Personal information
- Full name: David Arthur Blair
- Born: 25 August 1917 Scotland
- Died: 10 April 1985 (aged 67) Canterbury, Kent, England
- Sporting nationality: Scotland

Career
- Status: Amateur

Best results in major championships
- Masters Tournament: CUT: 1962, 1963
- PGA Championship: DNP
- U.S. Open: DNP
- The Open Championship: T9: 1960

= David Blair (golfer) =

Scottish golfer (1917–1985)

David Arthur Blair MBE, MC (25 August 1917 – 10 April 1985) was a Scottish amateur golfer.
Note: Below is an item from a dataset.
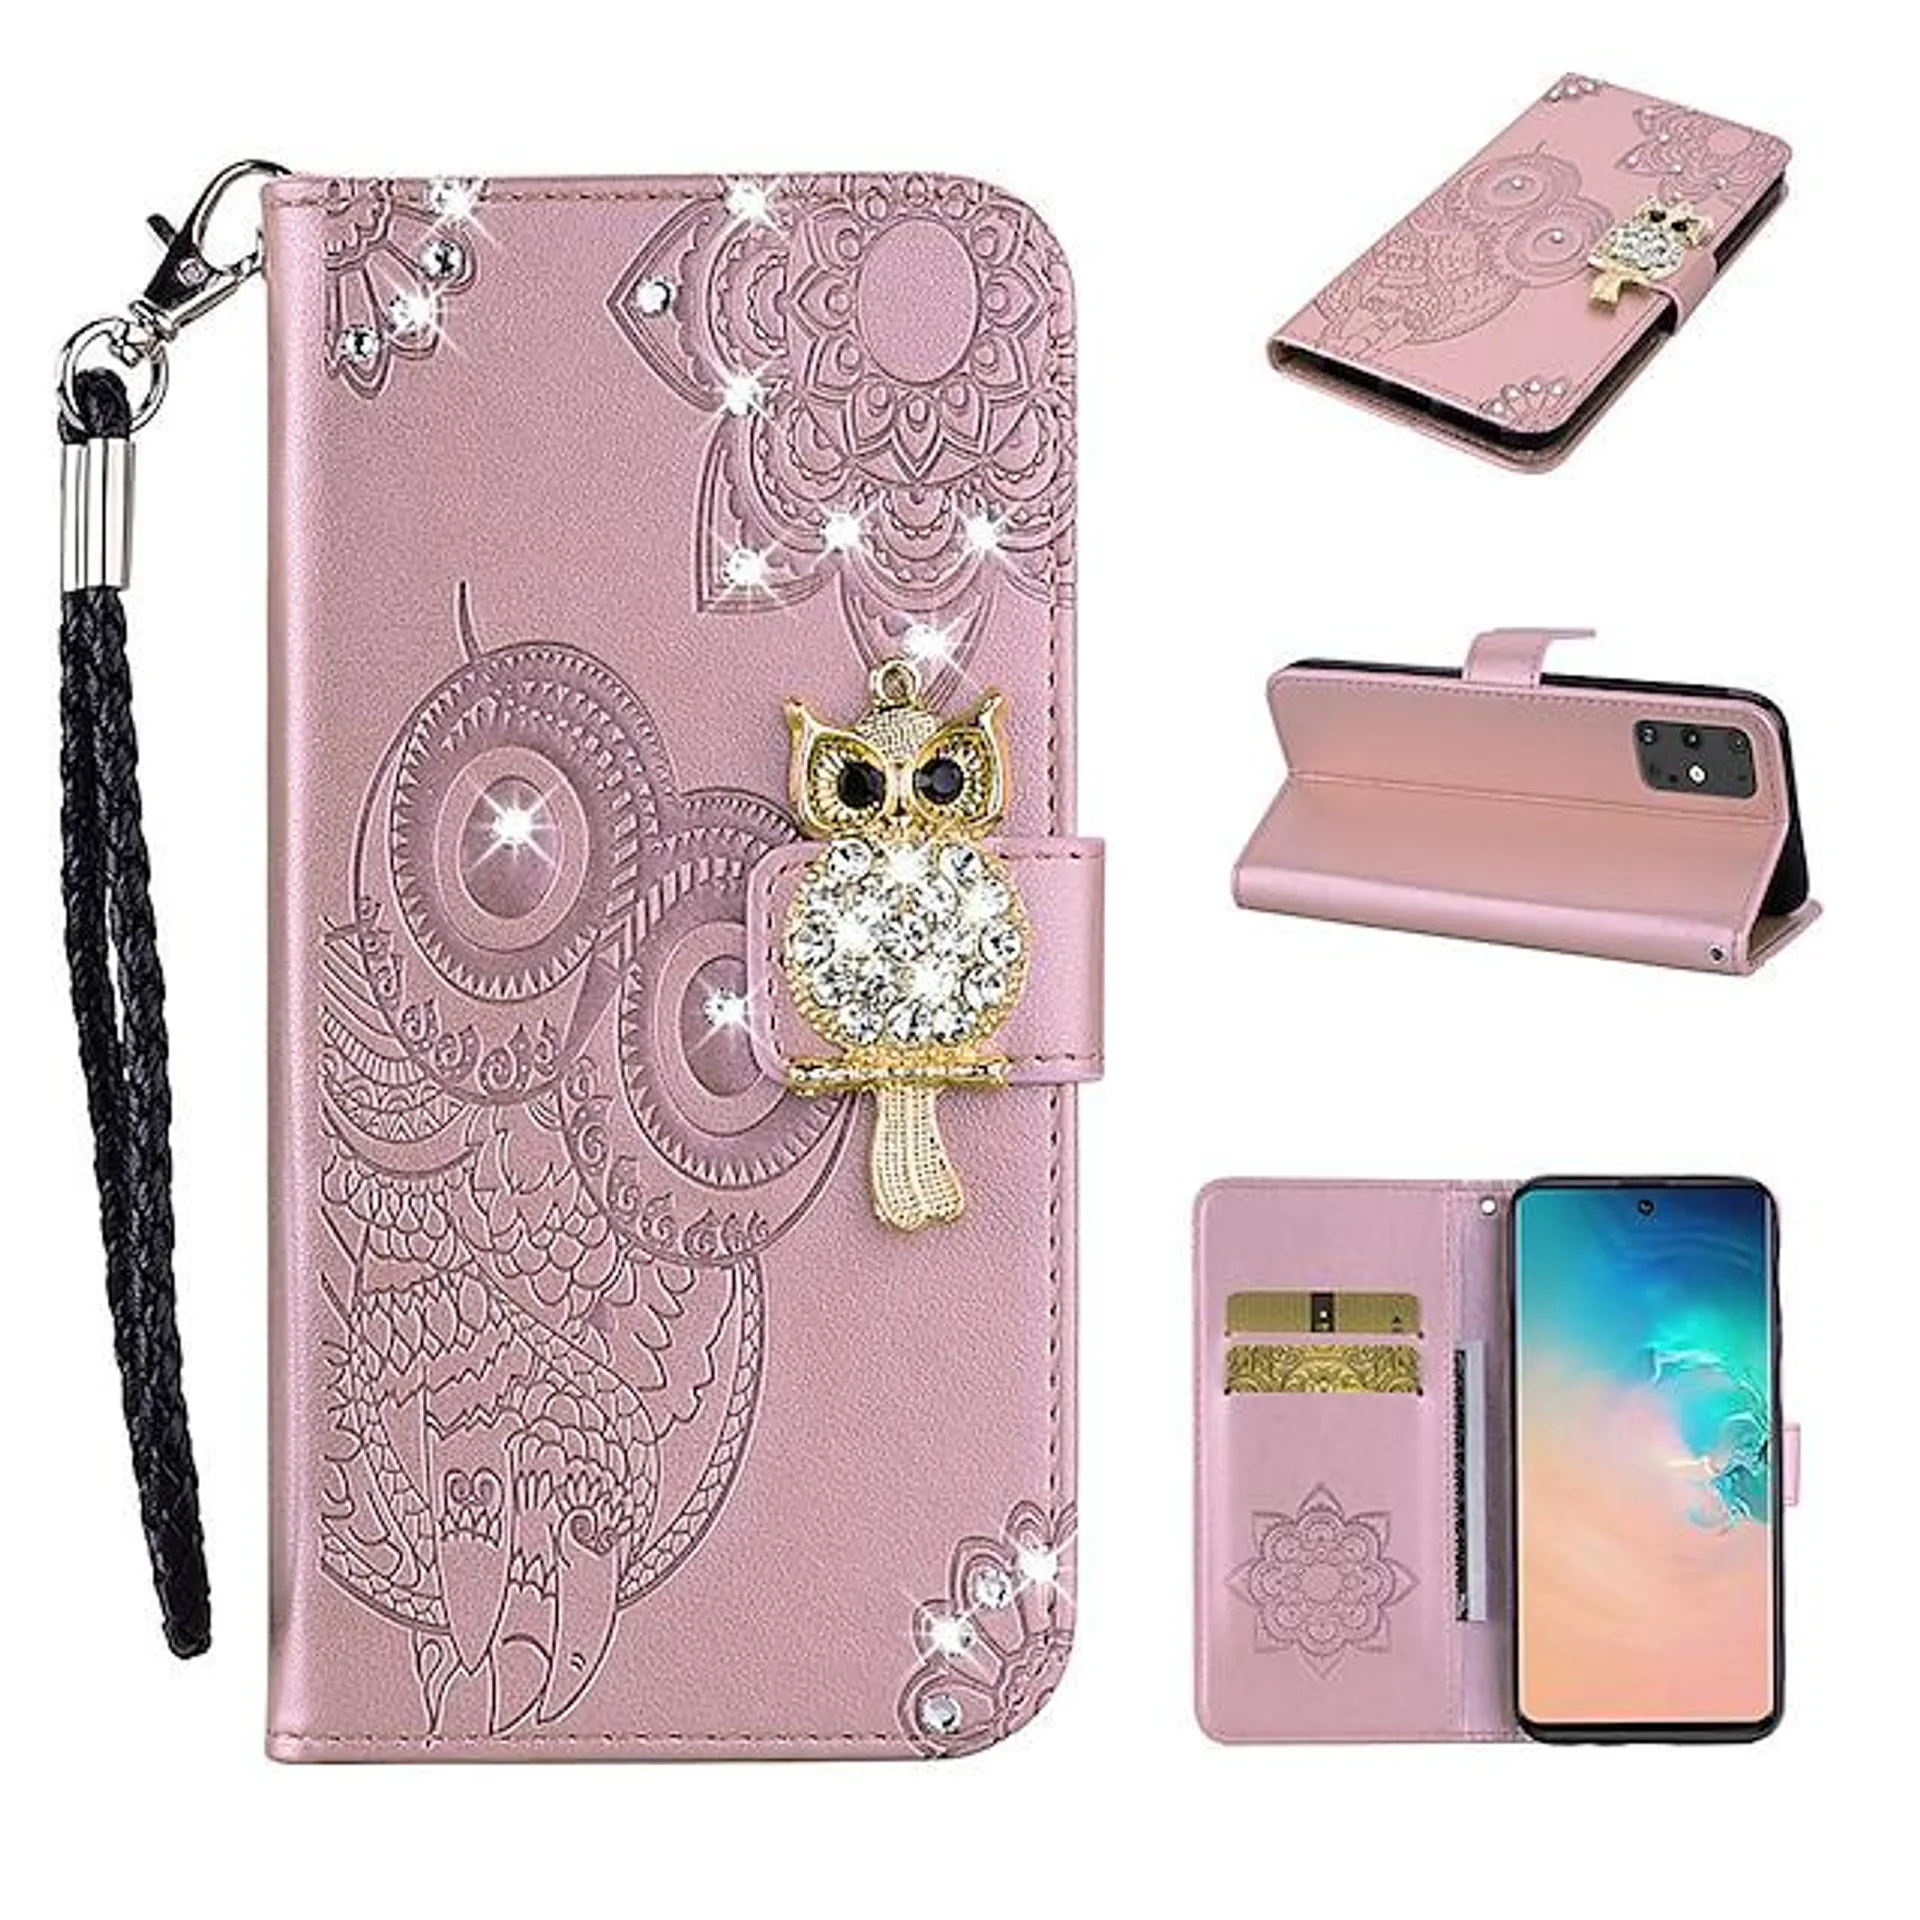 Phone Case For Samsung Galaxy S23 S22 S21 S20 Plus Ultra A73 A53 A33 A72 A52 A42 with Stand Card Holder Rhinestone Animal PU Leather

He finished in the top-10 in the Open Championship in 1960 and played in the Walker Cup in 1955 and 1961. He was a retired major in the Seaforth Highlanders in the British Army. His younger brother Chandos was also in the Seaforth Highlanders.

==Early life==
Blair was educated at Harrow School and the Royal Military College, Sandhurst.

==Military career==
Blair graduated from Sandhurst on 26 August 1937 and was commissioned as a second lieutenant in the Seaforth Highlanders, a line infantry regiment of the British Army. He was captured at El Adem in 1942 but escaped in 1943. He was awarded the Military Cross when his company made an assault crossing over a canal in Holland in late 1944.

==Business career==
Blair was chairman of the Scotch whisky export committee from 1985 to 1980 and a director of Distillers Company. He was also chairman of United Glass Ltd.

==Family==
Blair married in 1947 Elizabeth Adela Morton, daughter of Major Harold Trestrail Morton and his wife Beatrice Nathalie Shaw of The Abbey, Aston Abbotts.

==Amateur wins==
- 1935 Scottish Boys' Championship
- 1947 Army Championship
- 1948 Nairn Open
- 1953 Scottish Amateur, Royal St. Georges Gold Vase
- 1955 Golf Illustrated Gold Vase
- 1956 Golf Illustrated Gold Vase
- 1955 R&A Silver Cross, George Glennie Medal
- 1961 Scandinavian Amateur Championship
- 1964 Royal St. Georges Gold Vase
- 1966 Hampshire Hog
- 1967 Royal St. Georges Gold Vase, Hampshire Hog
- 1968 R&A Silver Cross
- 1970 Hampshire Hog

Source:

==Results in major championships==

| Tournament | 1950 | 1951 | 1952 | 1953 | 1954 | 1955 | 1956 | 1957 | 1958 | 1959 | 1960 | 1961 | 1962 | 1963 |
|---|---|---|---|---|---|---|---|---|---|---|---|---|---|---|
| Masters Tournament |  |  |  |  |  |  |  |  |  |  |  |  | CUT | CUT |
| The Open Championship | T30 |  |  |  |  |  |  |  |  |  | T9 |  | CUT |  |

Note: Blair only played in the Masters Tournament and The Open Championship.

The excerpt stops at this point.